From a compliance perspective: You are done as soon as you have caused the ability to create a written record which must be processed by the business to cancel service.

The cost of actually performing the cancellation of service to comply with that customer order after that record/order is produced is Not part of the cost of compliance. Also the cost of lost revenue is NOT part of the compliance cost. The revenue is lost because the customer wishes to cancel, and not due to compliance with a rule.

That is part of the cost of cancelling a subscription when ordered, or Upon receiving any kind of notice in writing from the customer terminating/withdrawing from their agreement; Which companies are legally required to do before the FTC rule ever went into affect.

Comment Re:do they have the USB logo on the system? (Score 1) 104


Or, even better idea, they could have put overheat protection in the Switch 2 in the first place.
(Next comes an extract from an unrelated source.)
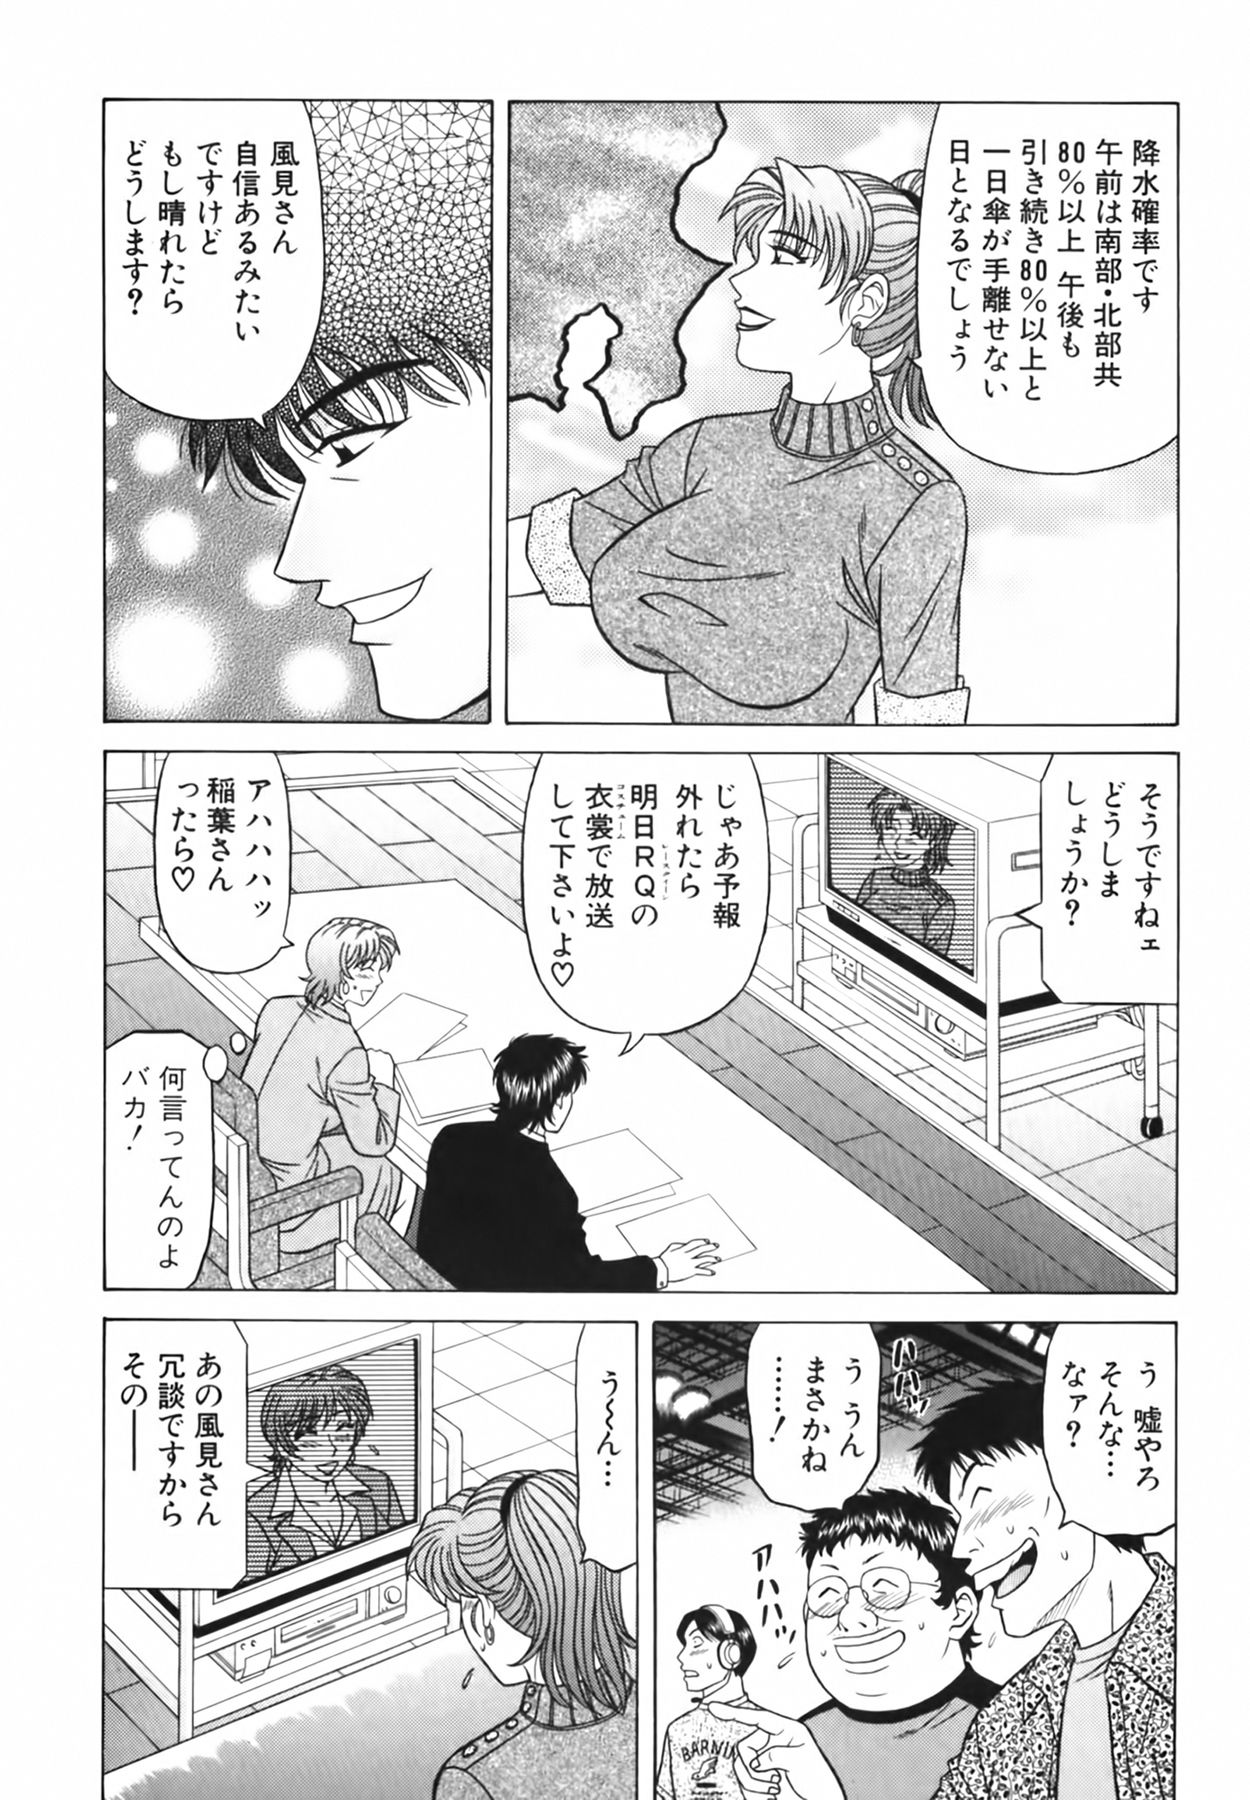 [Ozaki Akira] Caster Natsume Reiko no Yuuwaku Vol. 3 [尾崎晶] キャスター 夏目玲子の誘惑 Vol.3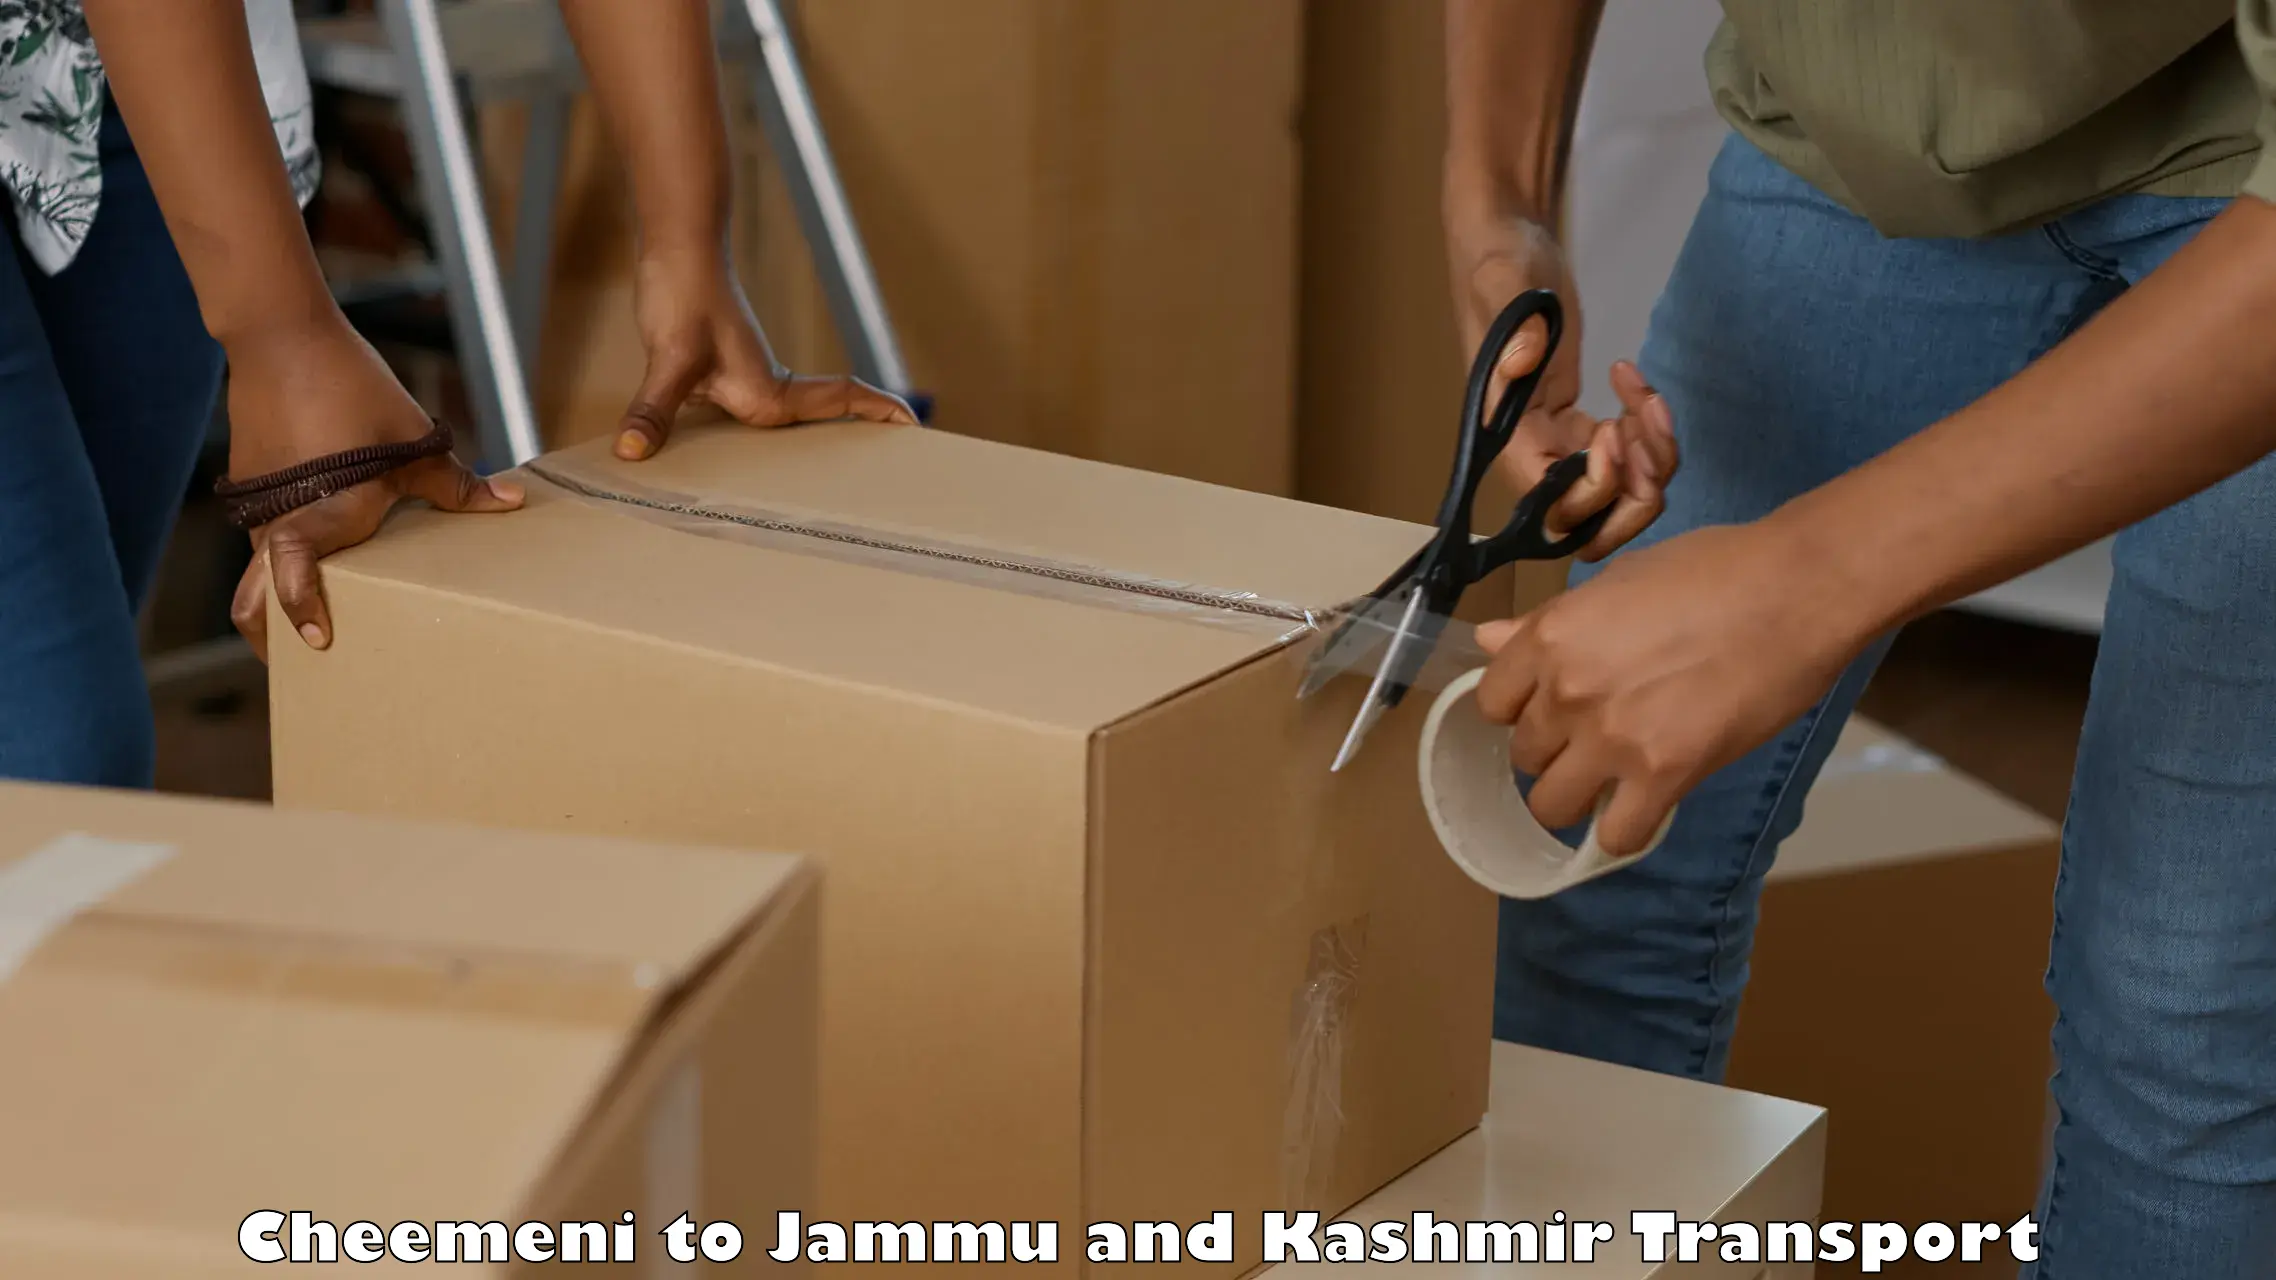 Truck transport companies in India Cheemeni to Bhaderwah

BOTH the Switch and Switch 2 have an overheat protection sensor. If the console gets too hot it will immediately drop into sleep mode. It's probably not enough, because running too hot over time is bad, even while technically not overheating.

Many people are already having problems with their Switch 2 overheating in both modes; whether docked or handheld. This notion of 3rd party docks creating such a problem is unfounded I would say. Because the first-party dock already has the problem. The only thing a 3rd party could do is possibly embarass the crap out of Nintendo by including better cooling and/or success unofficial warranty-voiding mods to the Switch2 to improve cooling thus outcompeting them on additional sales of official hardware.

Comment Re:Copper tariffs (Re:It's all right) (Score 1) 108

Aren't long haul wires for electrical infrastructure made of steel reinforced aluminum? https://en.wikipedia.org/wiki/...

Why bring up copper tariffs?

Um - on a geek site I would expect that readers would be familiar with the huge role copper plays in the grid. If you don't know this, jfgi.